Fig. 6. HNF4A binds at BAP31 promoter and augments BAP31 transcription.

A, B The mRNA and protein level of BAP31 were detected in GC cells with HNF4A overexpression or knockdown. C The level of HNF4A and BAP31 was detected in HNF4A-overexpressing cells transfected with BAP31 shRNA. D–F Lipid ROS and MDA content were assayed in HNF4A-overexpressing cells treated with BAP31 shRNA treated with erastin (5 µM) for 12 h. G Relative luciferase activities were assessed in HEK-293T and NCI-N87 cells transfected with different truncations of BAP31 promoter. H HNF4A binding motif was predicted in JASPAR. I JASPAR analysis revealed two potential HNF4A-binding sites (scores >10) within the promoter region of BAP31. J HEK-293T and NCI-N87 cells transfected with different truncations of BAP31 promoter, in the presence of HNF4A overexpression or knockdown respectively, then relative luciferase activities were assessed. K, L Relative luciferase activities were assessed in HEK-293T and NCI-N87 cells treated with BAP31 luciferase reporter vectors (wild-type or mutant in HNF4A-binding sites, -1495/-1483 bp), in the presence of HNF4A overexpression or knockdown, respectively. M Agarose electrophoresis for ChIP analysis of HNF4A binding at BAP31 promoter. N ChIP-qPCR analysis of HNF4A binding at BAP31 promoter. O Western blot analysis of BAP31 and HNF4A expression in GC tissues (n = 28). P The relationship between HNF4A and BAP31 in GC tissues was analyzed using TCGA datasets (R = 0.28, p < 0.001). *p < 0.05, **p < 0.01.

Fig. 7. Knockdown of BAP31 sensitizes GC cells to 5-FU and combining 5-FU with erastin amplifies anti-tumor effects.

A, B The IC50s of 5-FU in AGS and NCI-N87 cells with BAP31 knockdown were analyzed. C, D Heatmap demonstrated synergistic response to 5 μg/ml 5-FU combined with BAP31 knockdown in AGS and NCI-N87 cells. E, F Clone formation assays showed synergistic response to 5-FU (5 μg/ml, 10 μg/ml) combined with BAP31 knockdown in AGS and NCI-N87 cells. G–J CCK8 and clone formation assays showed combination of erastin with 5-FU treatment exhibited higher inhibitory effects on cell growth compared with mono treatment in AGS and NCI-N87. *p < 0.05, **p < 0.01.

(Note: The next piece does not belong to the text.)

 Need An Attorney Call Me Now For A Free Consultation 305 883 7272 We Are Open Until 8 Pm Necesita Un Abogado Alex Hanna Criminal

Fig. 8. Schematic representation of HNF4A-BAP31-VDAC1 axis that synchronously regulates proliferation and ferroptosis in gastric cancer.

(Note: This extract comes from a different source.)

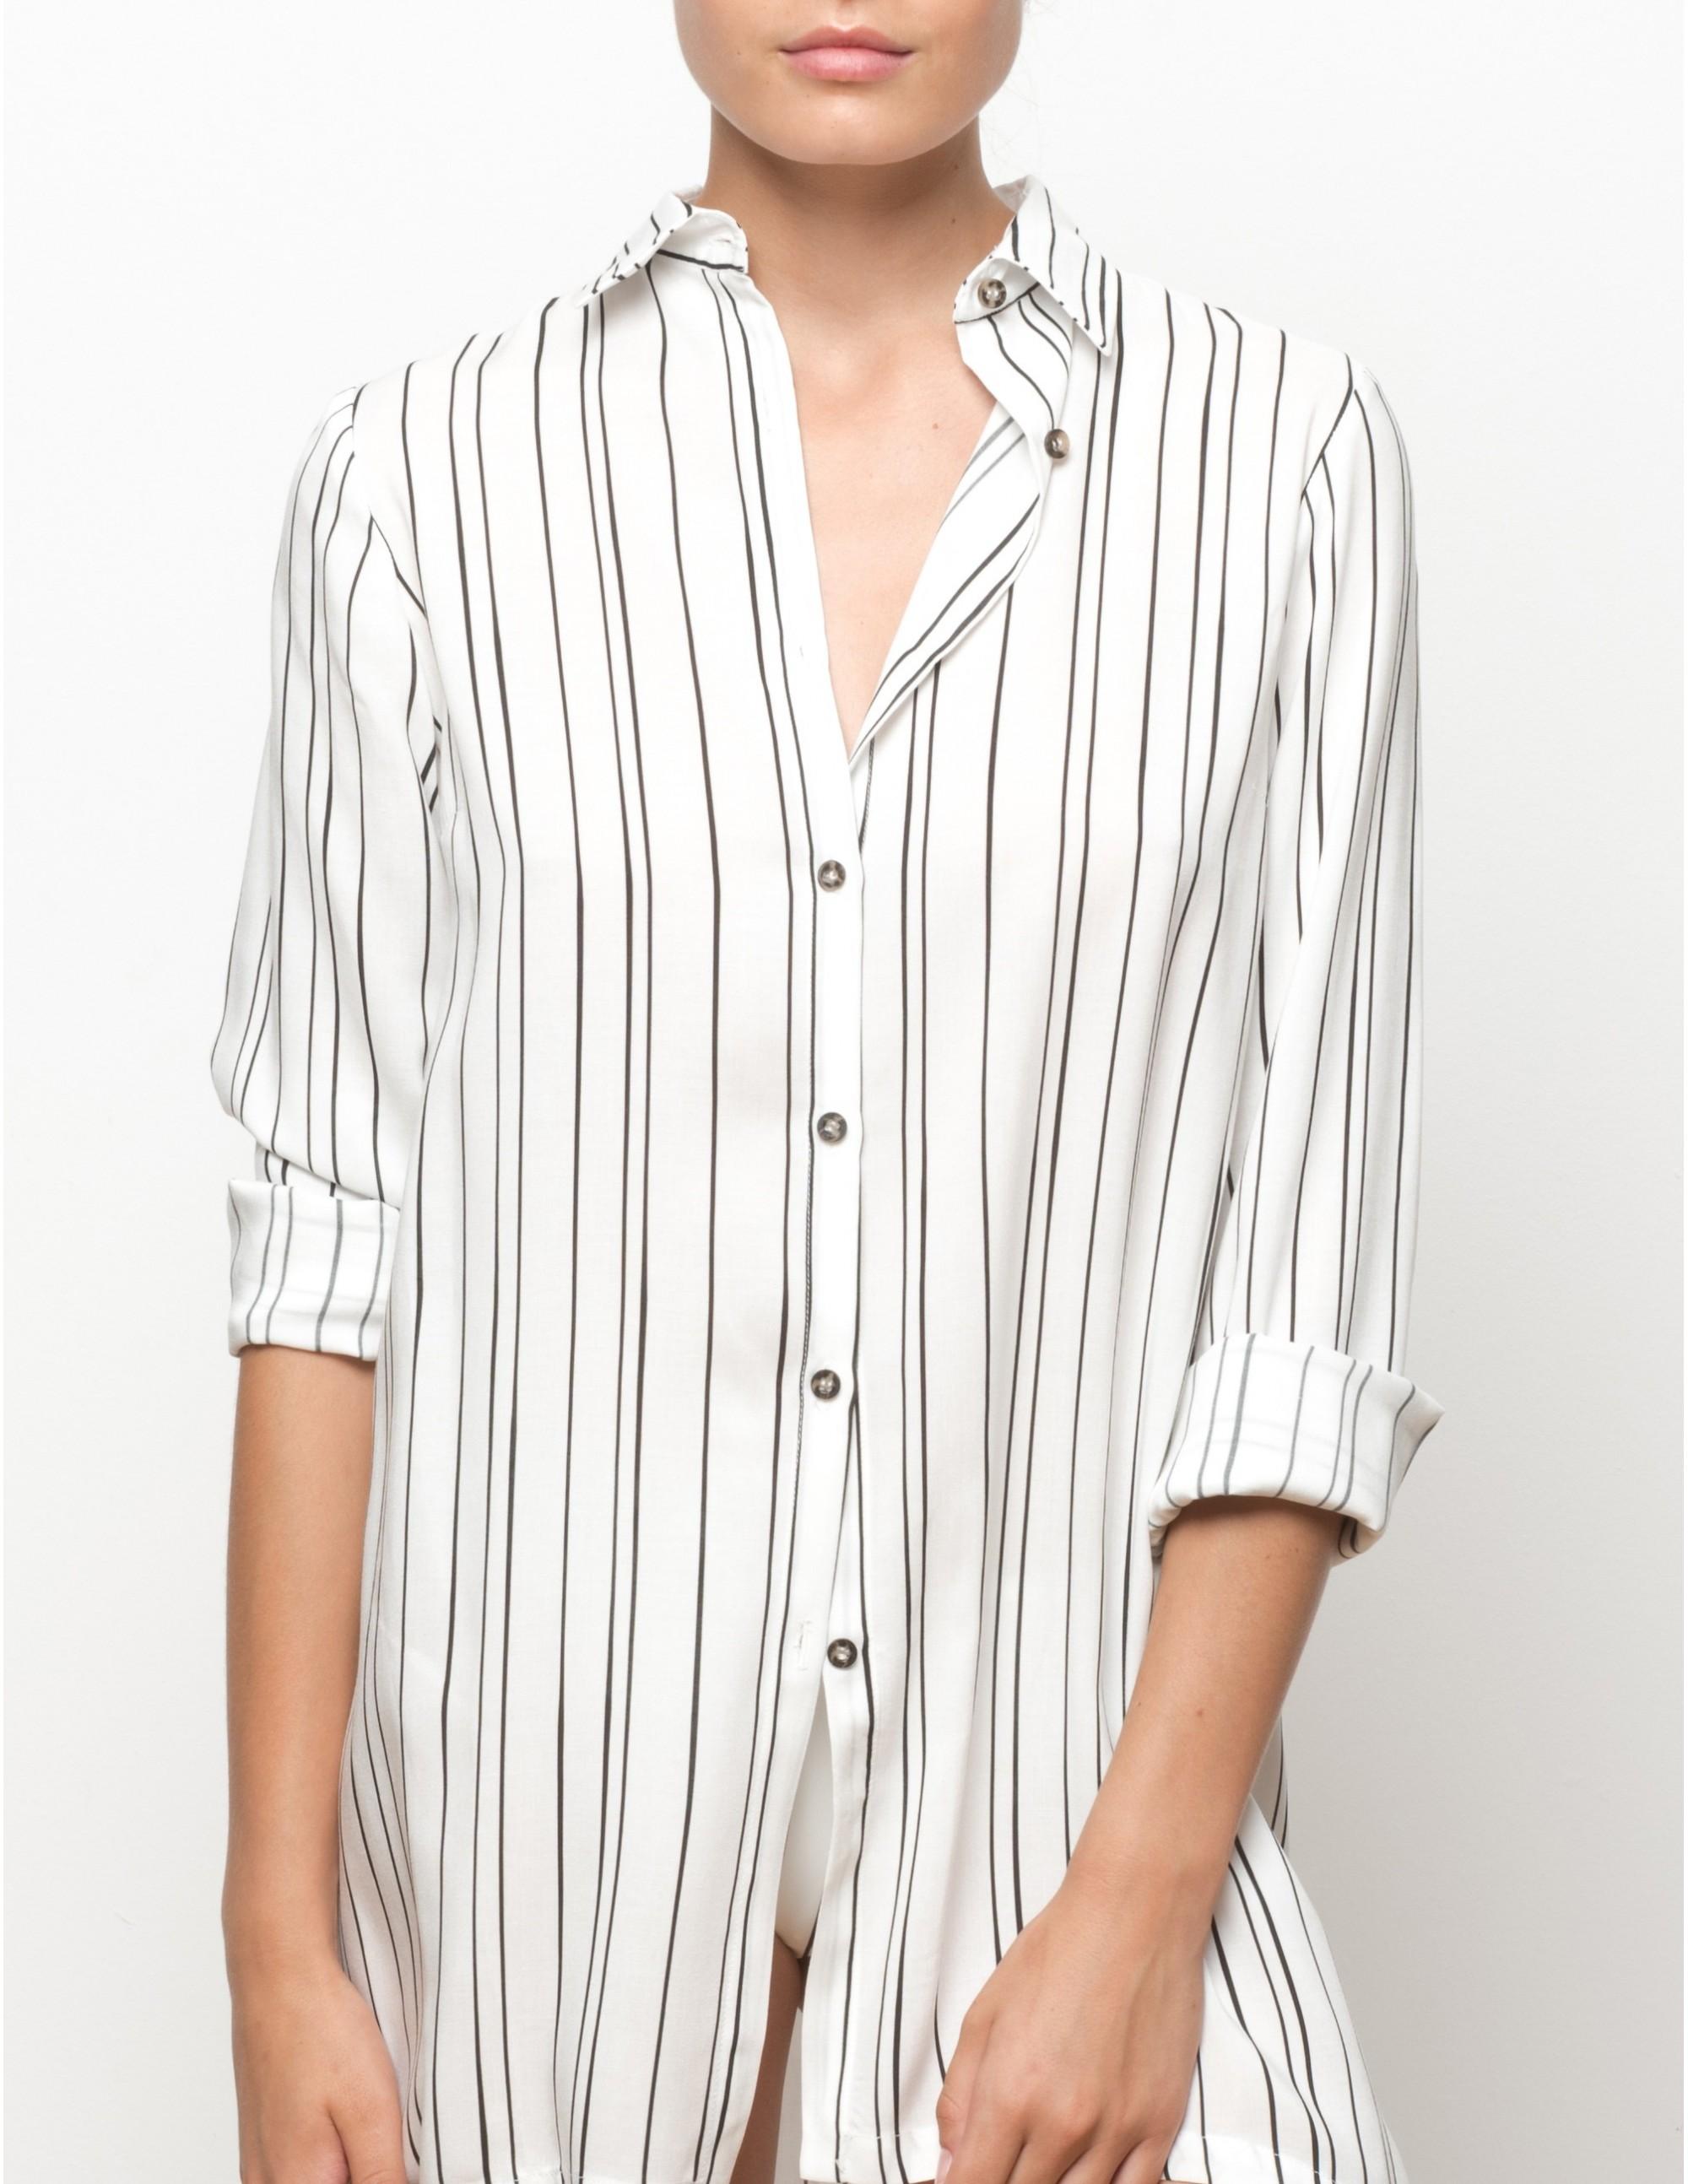 KIGO shirt - LIMITLESS

HNF4A directly binds to BAP31 promoter and augments its transcription. BAP31 promotes cell proliferation and inhibits lipid peroxidation and ferroptosis. BAP31 overexpression directly induces VDAC1 protein degradation via the ubiquitin-proteasome pathway to promote GC progression. The shBAP31 impiars BAP31 translation and enhances the antitumor effects of ferroptosis inducer, erastin, which may serve as promising therapeutic strategy in anti -tumor treatment.